Task statement
Copy the data exactly. Images are the one exception.

Provided material

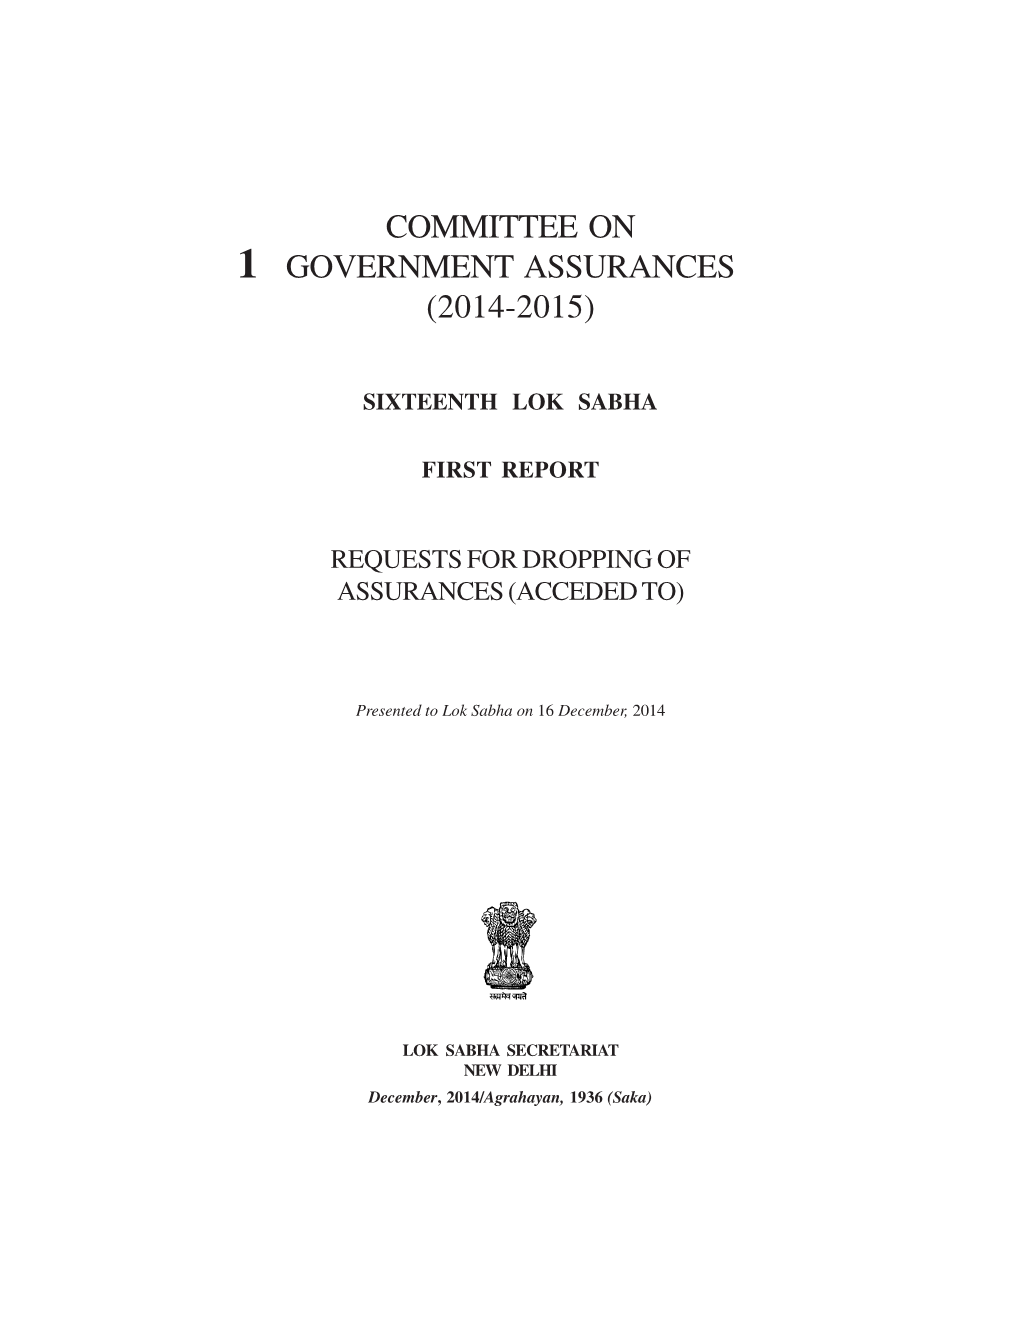 Committee on Government Assurances (2014-2015)
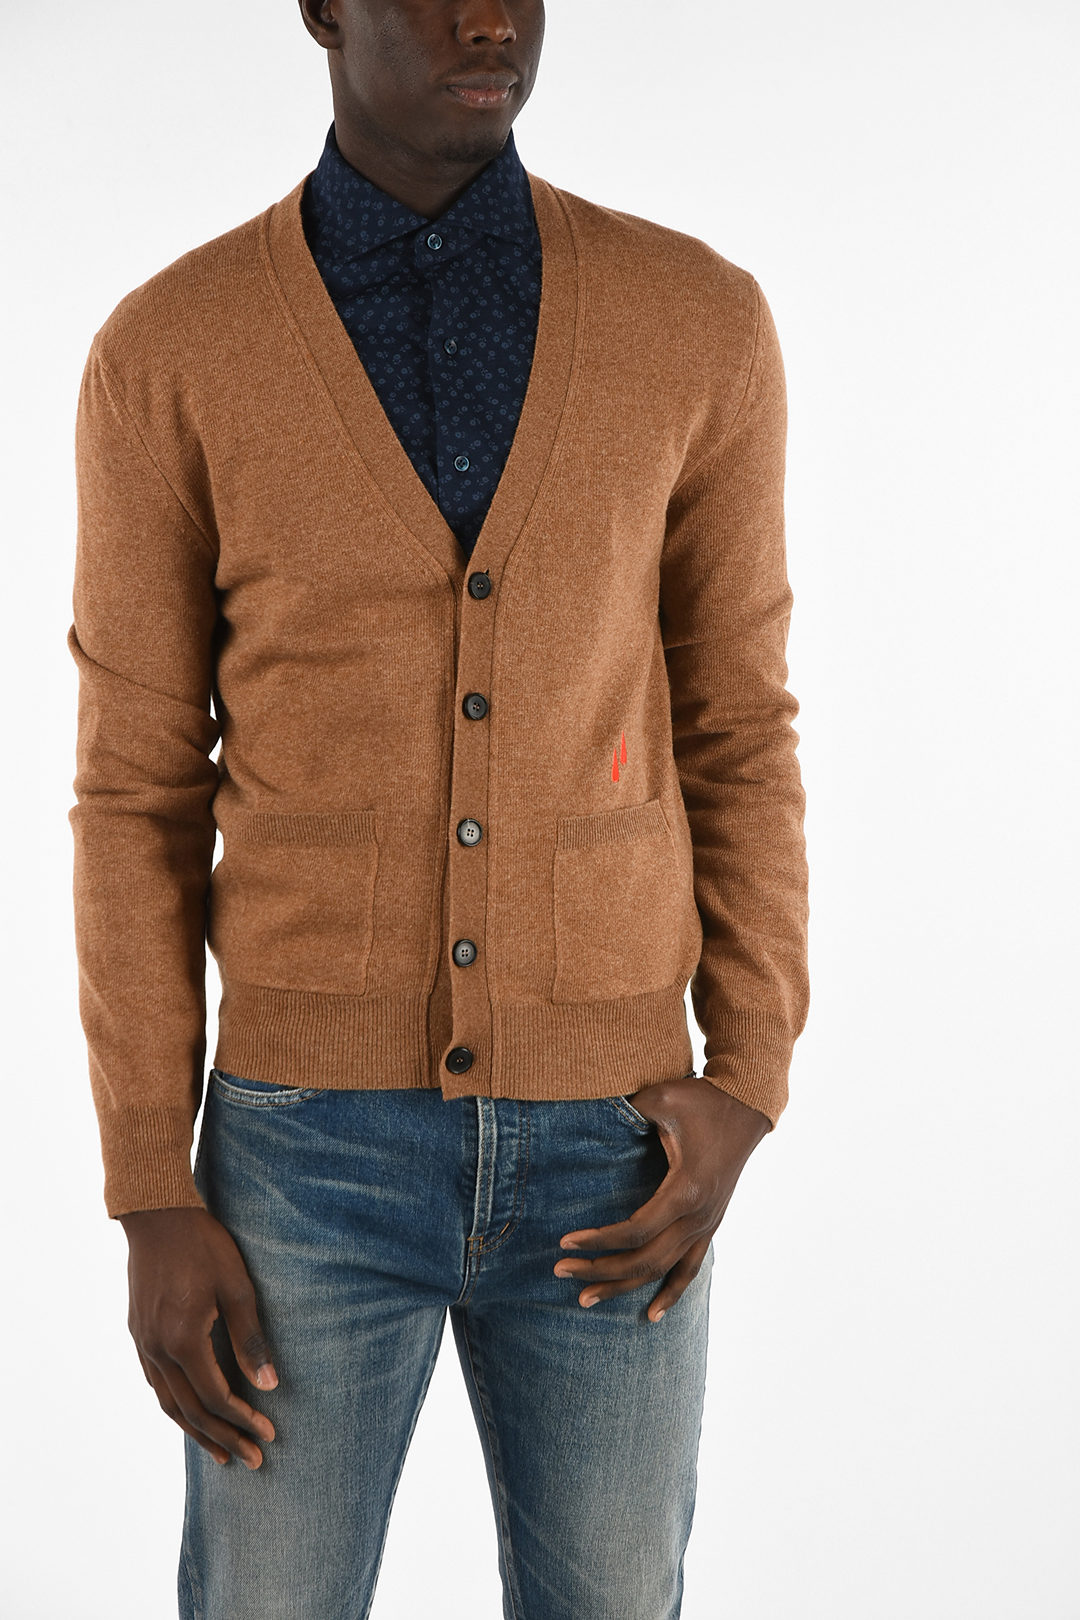 Calvin Klein Wool And Cotton Cardigan with pockets men - Glamood Outlet
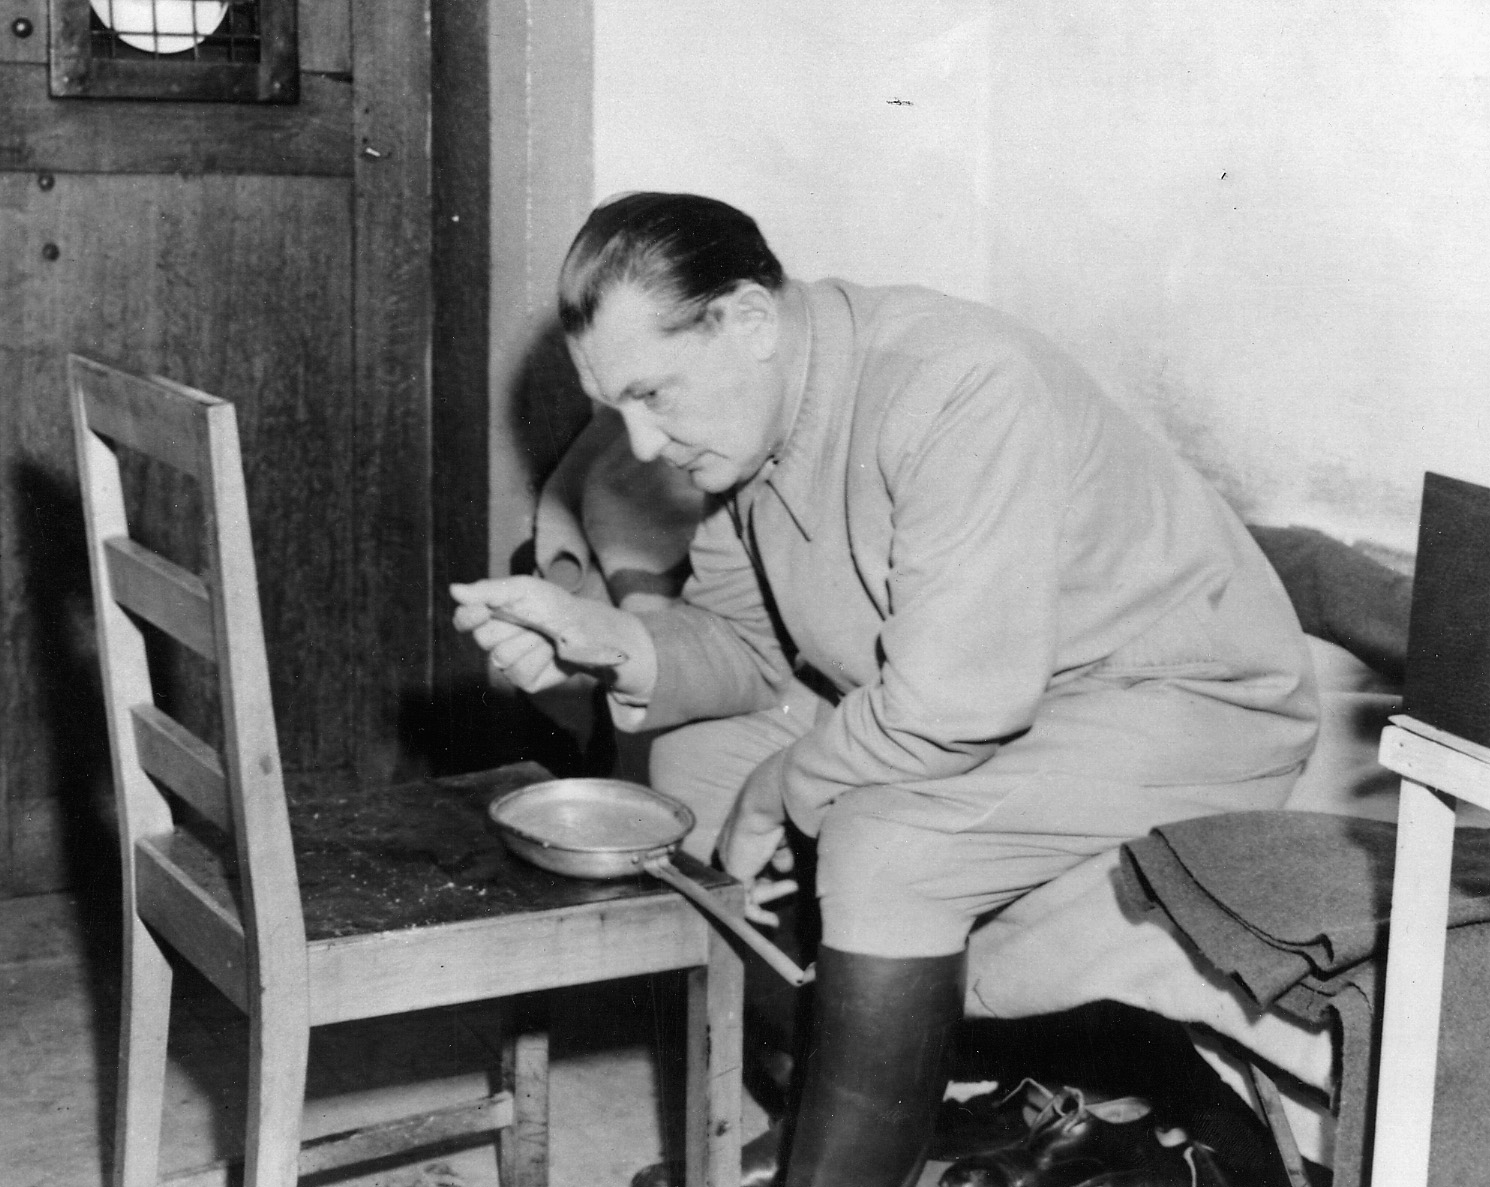 After bullying co-defendants in order to drag out the trial length, Göring was sentenced to eat his meals alone in a dimly lit, isolated cell.

Result of the exercise
 Committee on Government Assurances (2014-2015)
 Calvin Klein Wool And Cotton Cardigan with pockets men - Glamood Outlet
 After bullying co-defendants in order to drag out the trial length, Göring was sentenced to eat his meals alone in a dimly lit, isolated cell.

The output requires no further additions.